- Available data
○ ○ ○

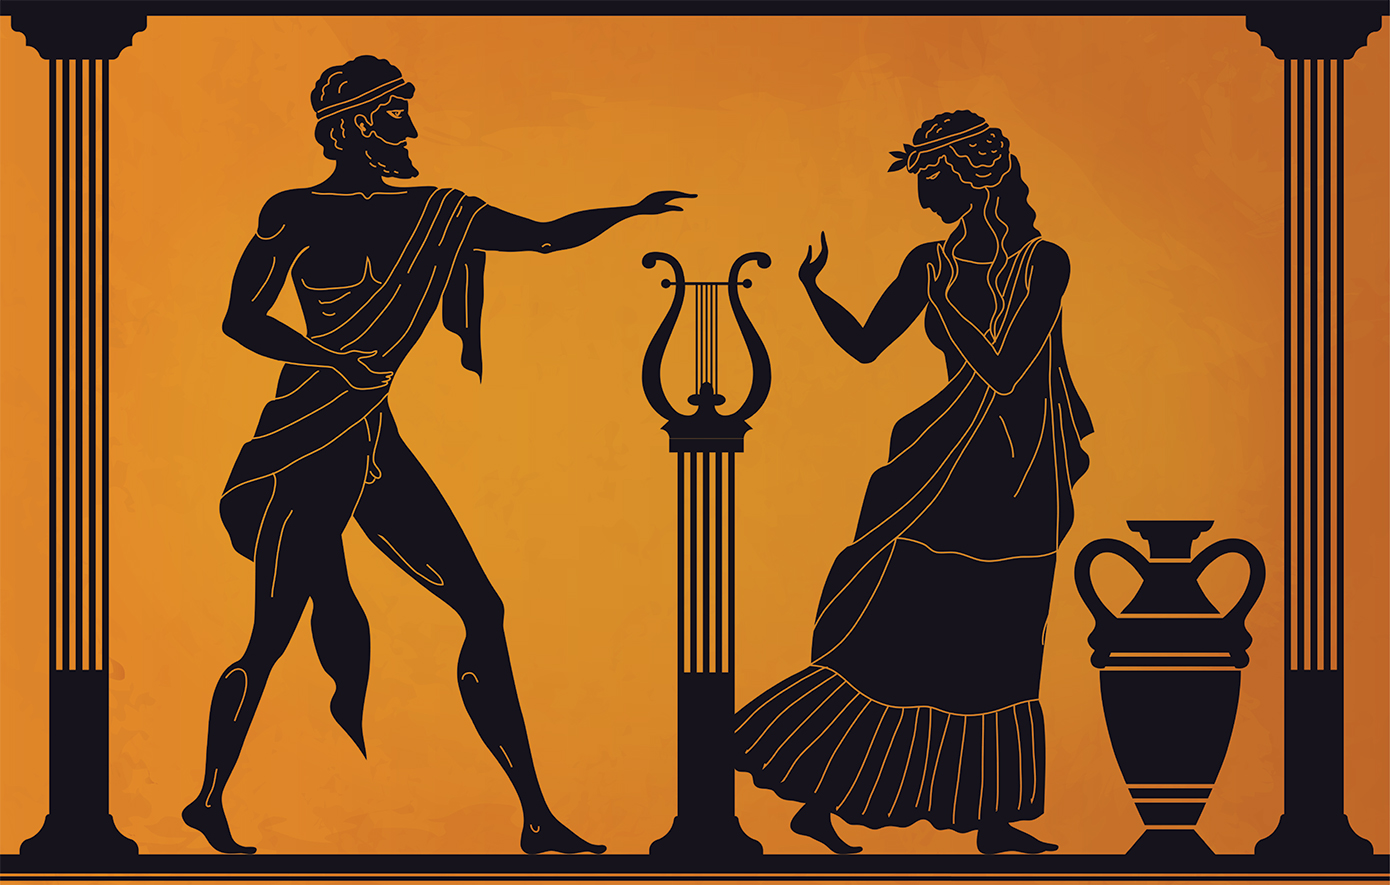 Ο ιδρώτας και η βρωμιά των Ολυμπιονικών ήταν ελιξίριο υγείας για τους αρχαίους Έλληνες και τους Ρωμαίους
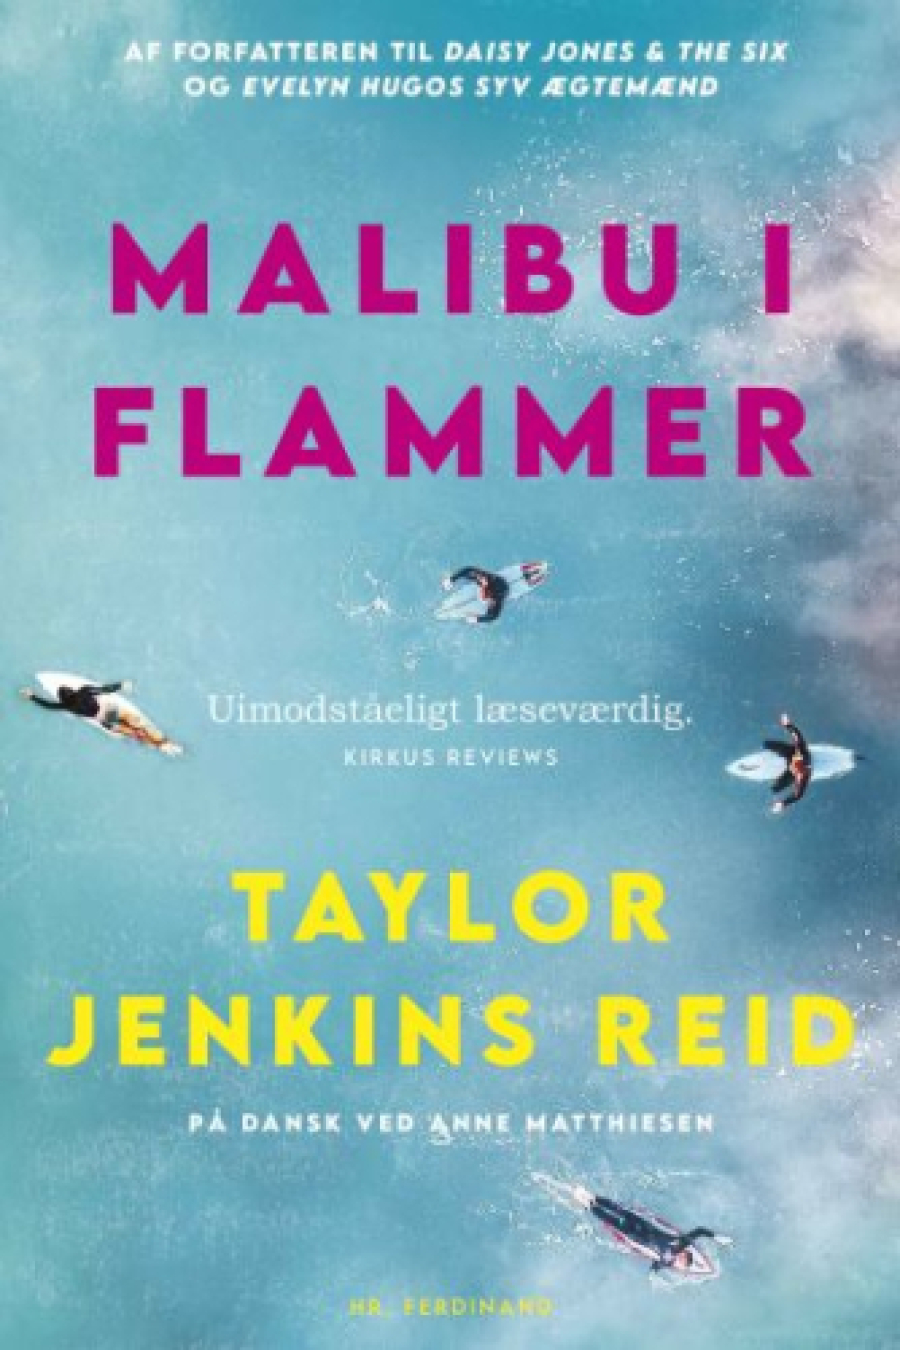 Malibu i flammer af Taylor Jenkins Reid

○ ○ ○

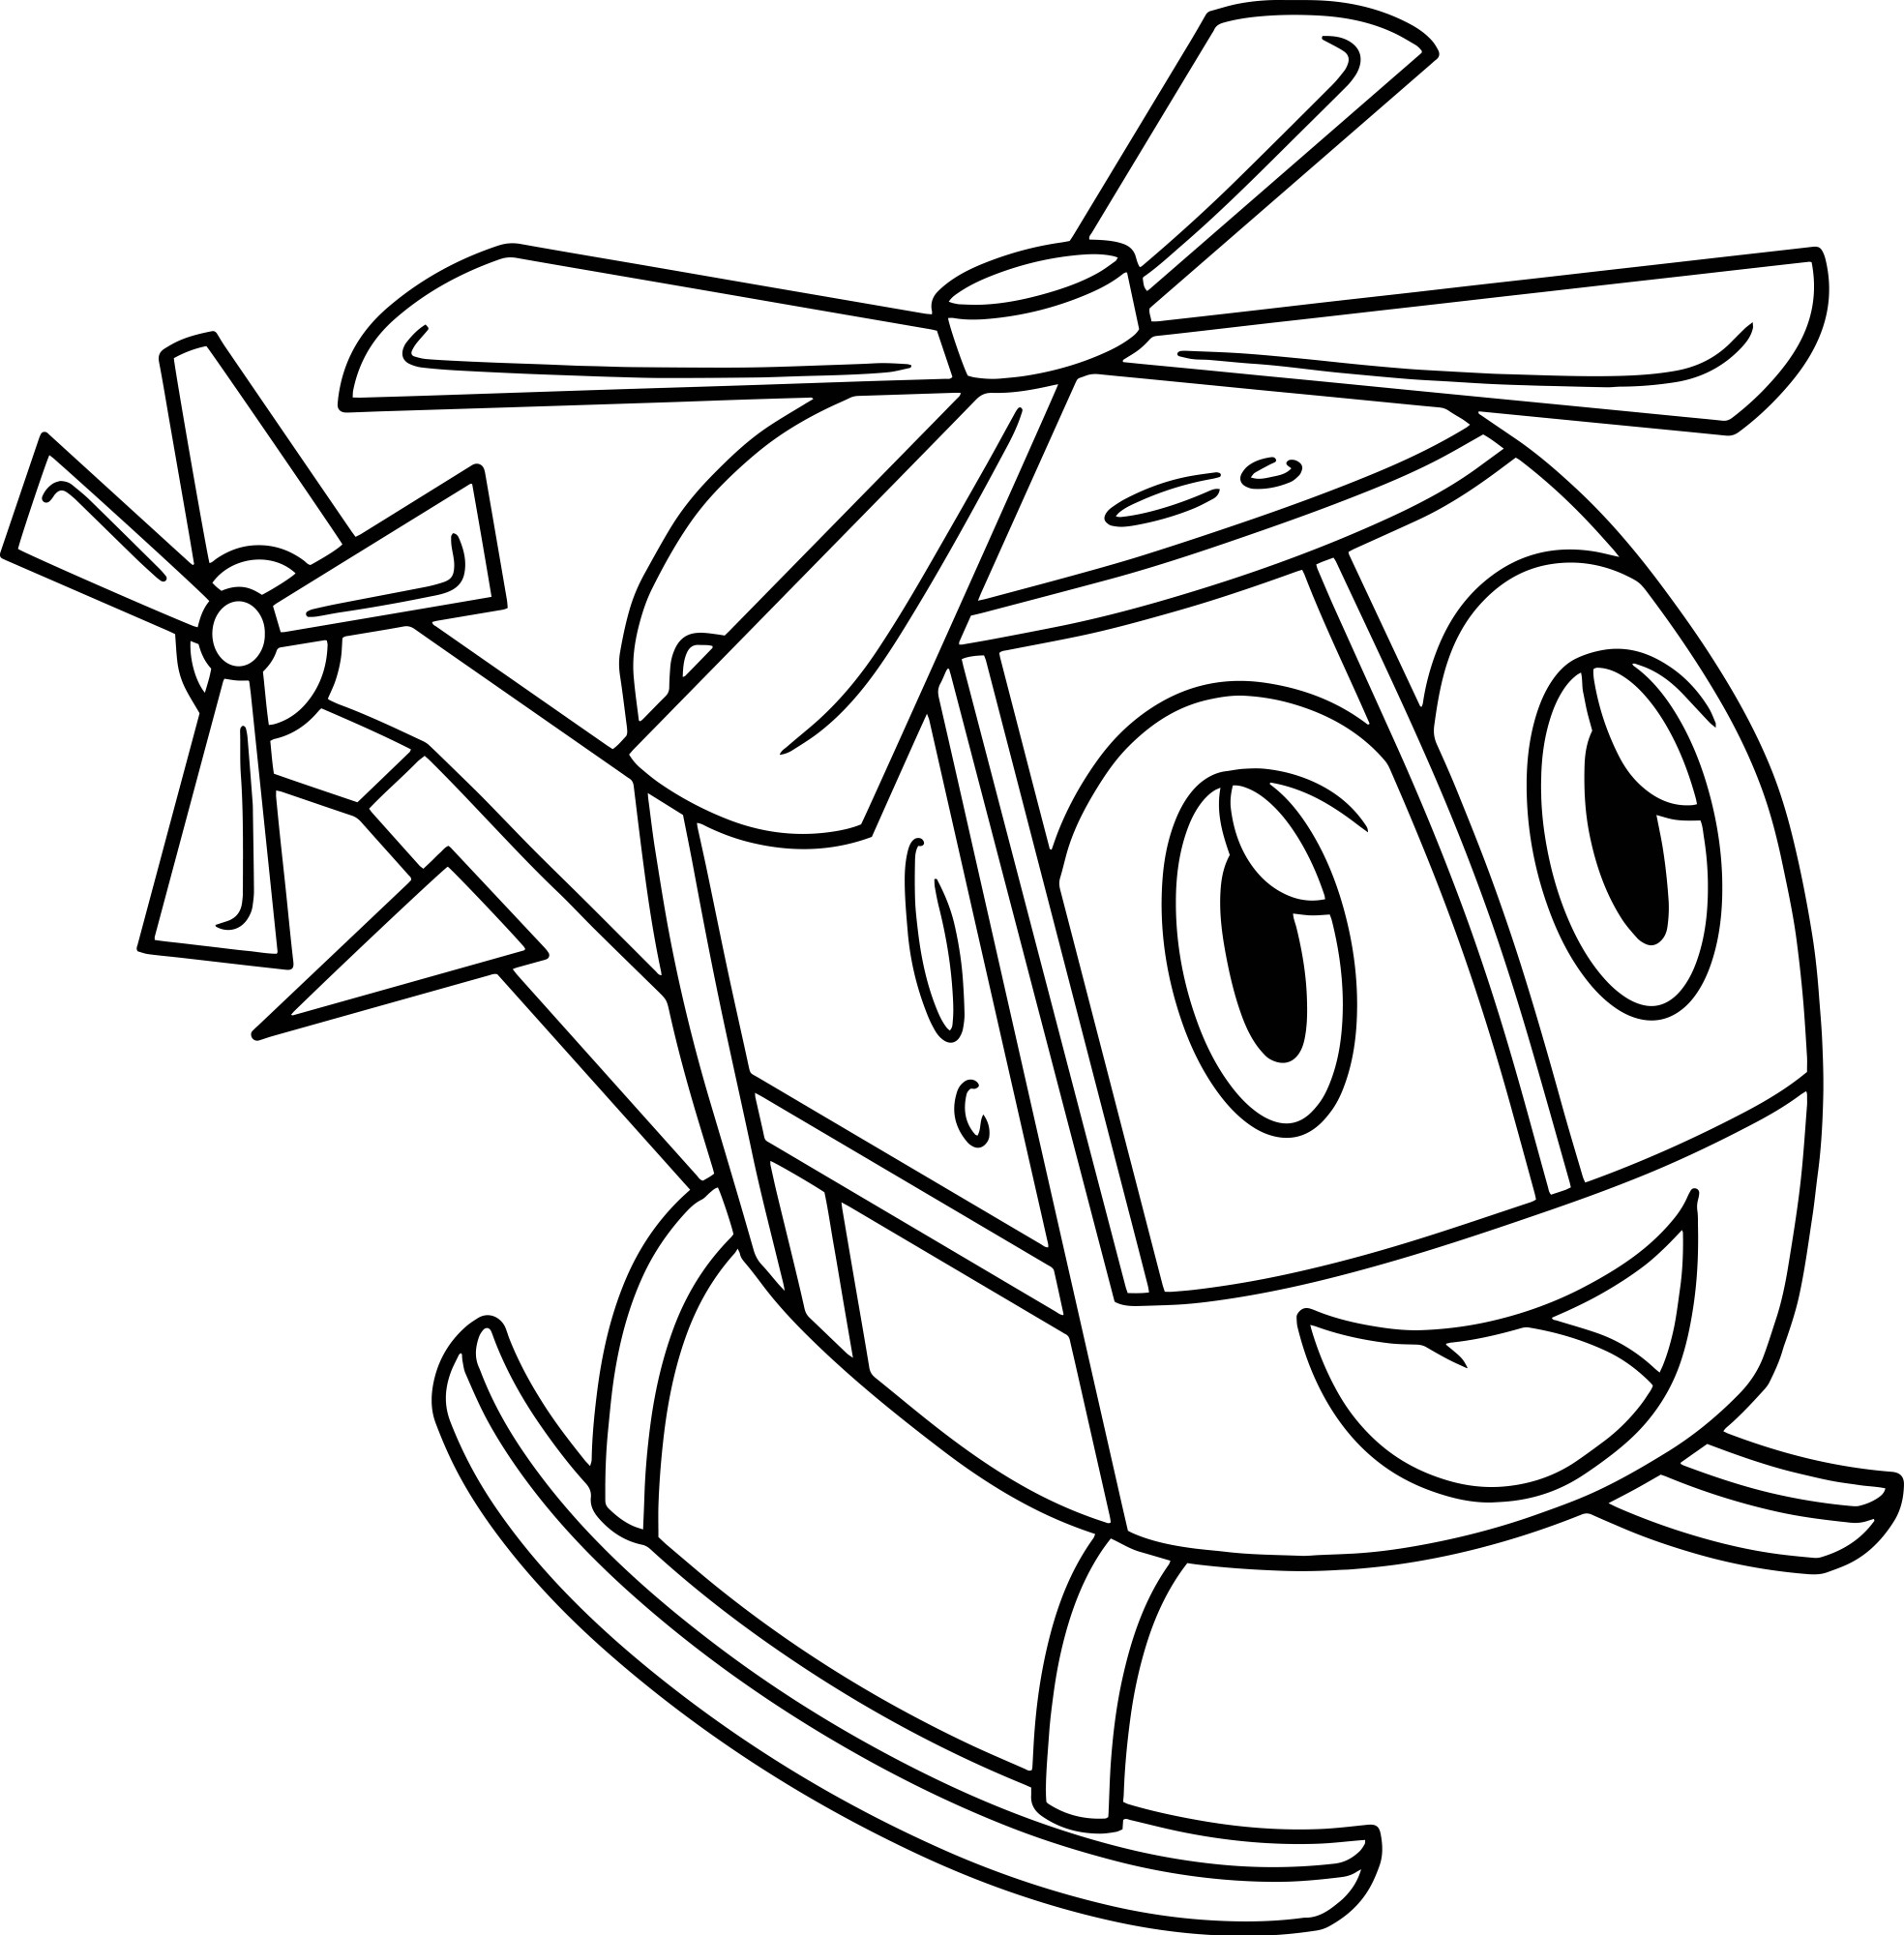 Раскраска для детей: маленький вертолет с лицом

○ ○ ○

- Required action
In the listing above, find the line with "Ο ιδρώτας και" and the line with "Malibu i flammer af Taylor Jenkins Reid". Set down both and every line between them, minus the pictures.

- Task output
 Ο ιδρώτας και η βρωμιά των Ολυμπιονικών ήταν ελιξίριο υγείας για τους αρχαίους Έλληνες και τους Ρωμαίους
 Malibu i flammer af Taylor Jenkins Reid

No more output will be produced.